🤖 AI Summary
This work addresses the Minty variational inequality problem under monotone Lipschitz operators and proposes ADUCA, a cyclic block-coordinate method that operates without prior knowledge of global or block-wise Lipschitz constants. The algorithm performs a single line search at initialization and leverages operator evaluations delayed by one full cycle for updates, rendering it naturally amenable to parallel and distributed implementations. ADUCA is the first cyclic algorithm to achieve parameter-free operation under weak synchronization assumptions while incorporating a delayed-update mechanism. It attains near-optimal oracle complexity—O(1/ε) in the monotone setting and O(log²(1/ε)) under strong monotonicity—without requiring any tuning of hyperparameters.
📝 Abstract
Cyclic block coordinate methods are a fundamental class of first-order algorithms, widely used in practice for their simplicity and strong empirical performance. Yet, their theoretical behavior remains challenging to explain, and setting their step sizes -- beyond classical coordinate descent for minimization -- typically requires careful tuning or line-search machinery.

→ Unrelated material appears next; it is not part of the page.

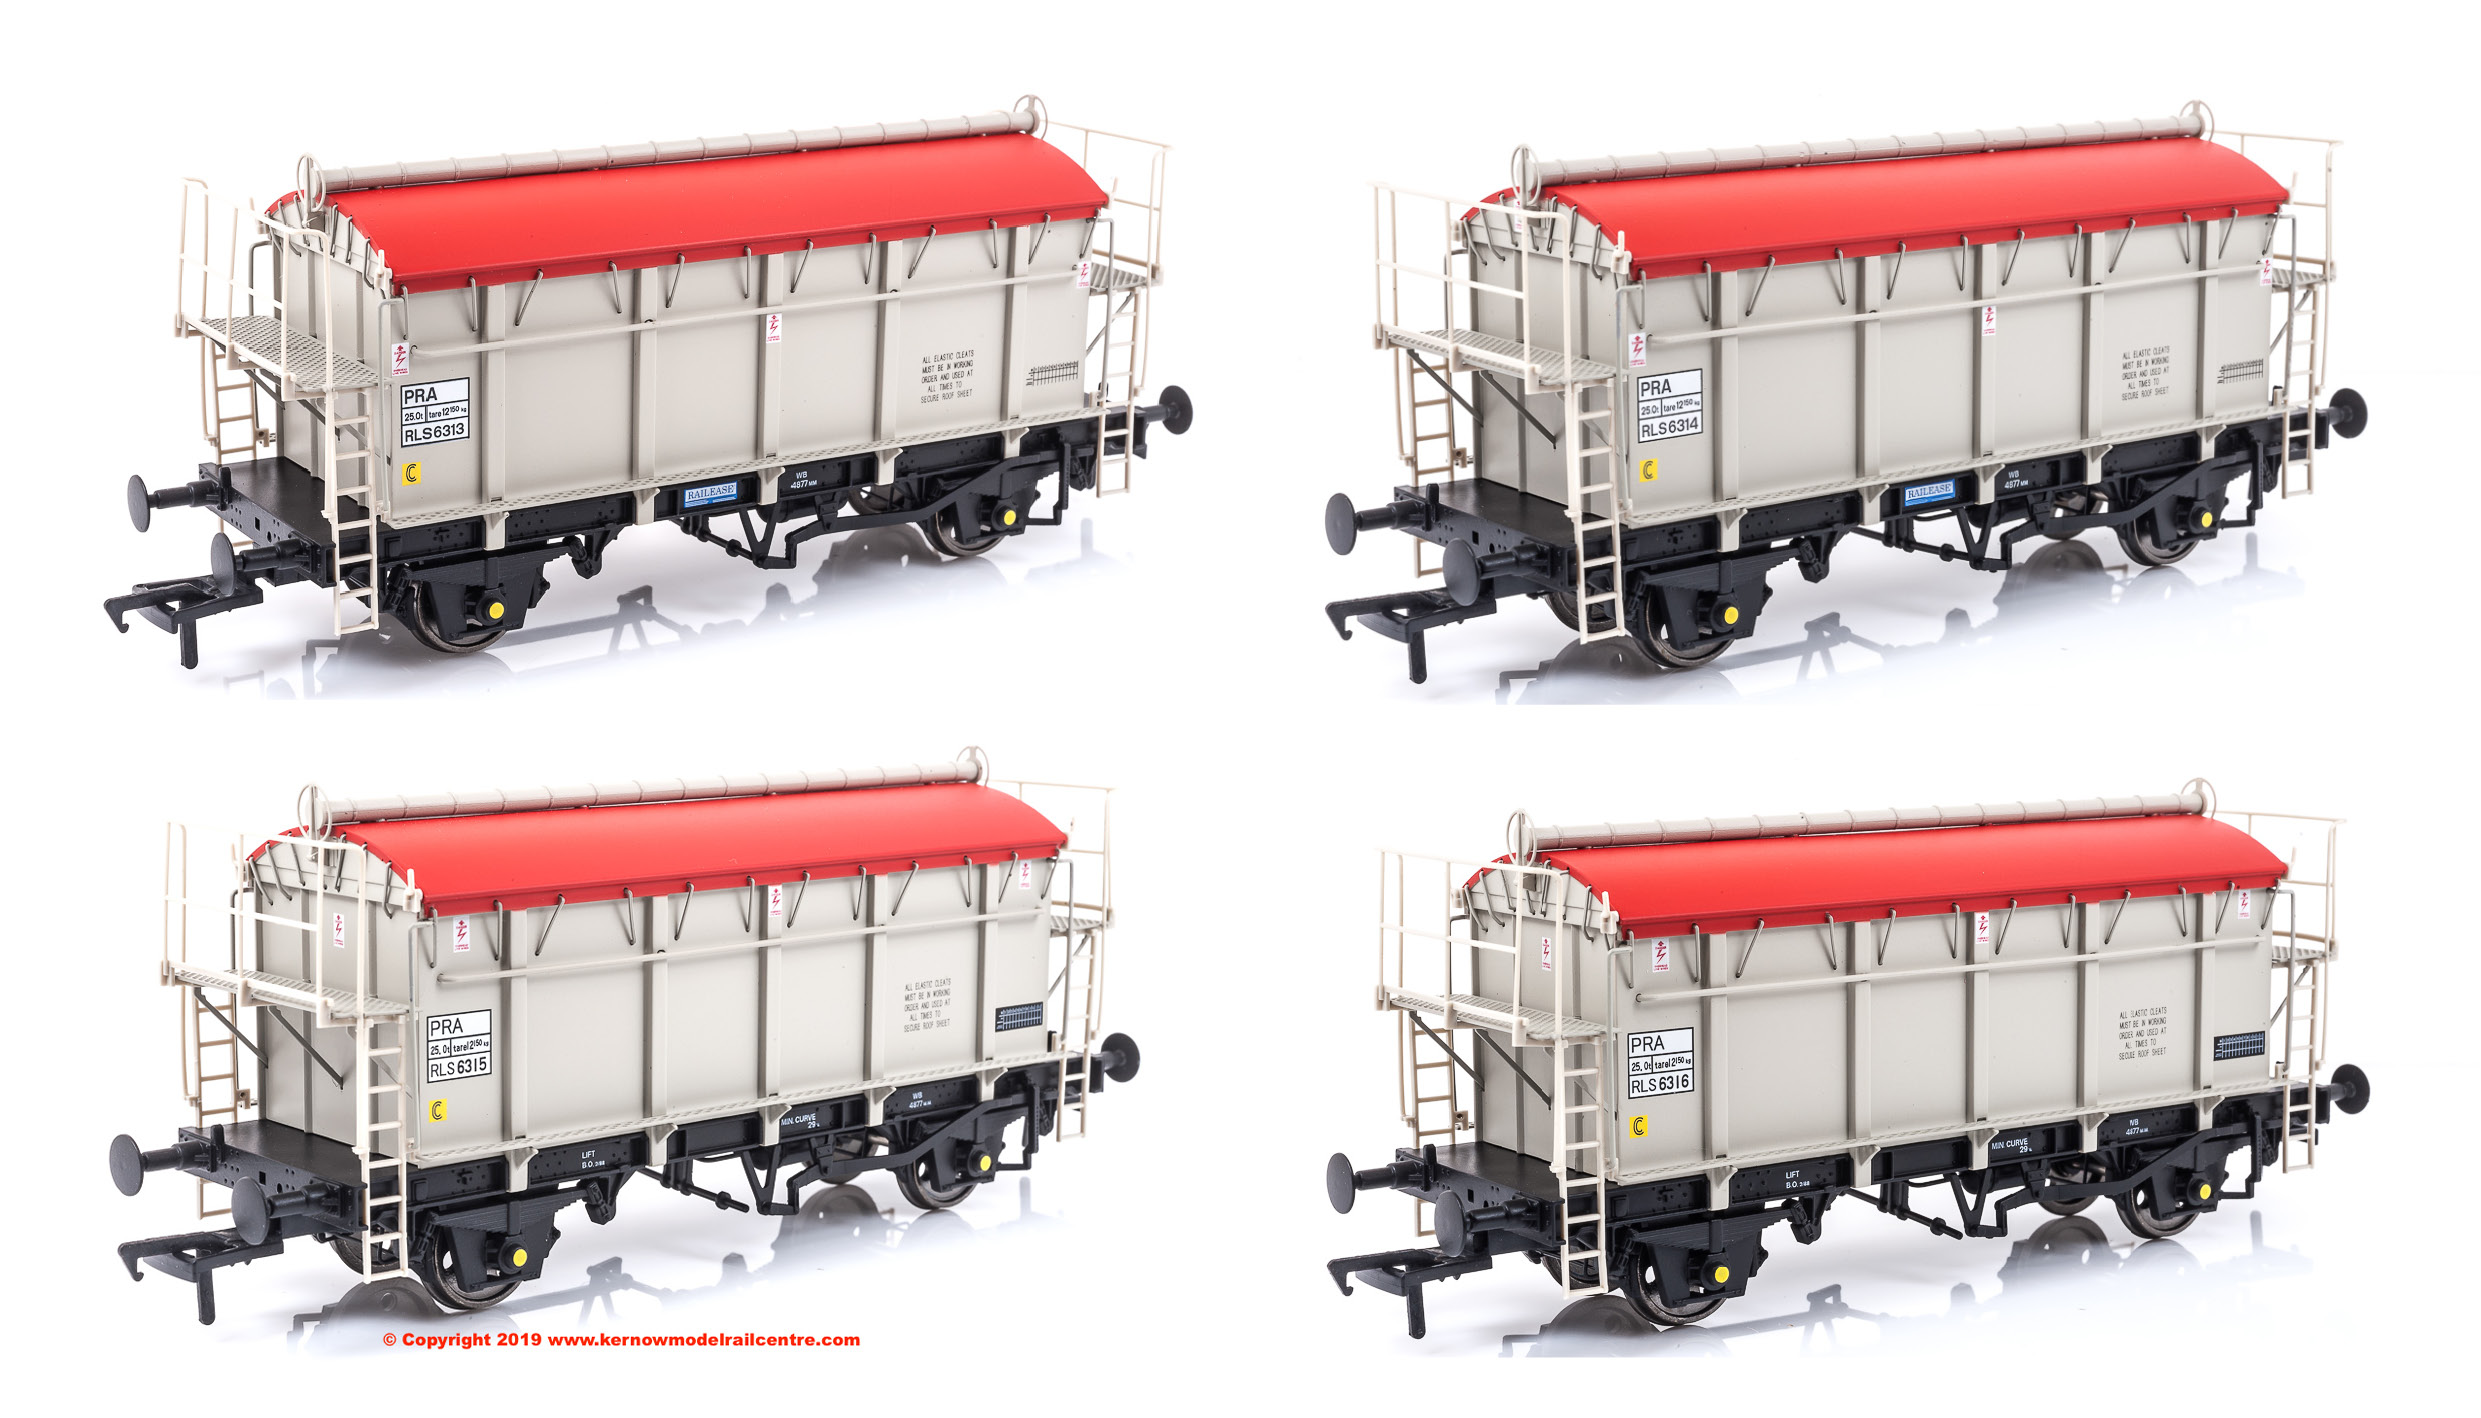 SB007ZA PRA Wagon Image

In this work, we develop $\texttt{ADUCA}$ (Adaptive Delayed-Update Cyclic Algorithm), a cyclic algorithm addressing a broad class of Minty variational inequalities with monotone Lipschitz operators. $\texttt{ADUCA}$ is parameter-free: it requires no global or block-wise Lipschitz constants and uses no per-epoch line search, except at initialization. A key feature of the algorithm is using operator information delayed by a full cycle, which makes the algorithm compatible with parallel and distributed implementations, and attractive due to weakened synchronization requirements across blocks. We prove that $\texttt{ADUCA}$ attains (near) optimal global oracle complexity as a function of target error $ε>0,$ scaling with $1/ε$ for monotone operators, or with $\log^2(1/ε)$ for operators that are strongly monotone.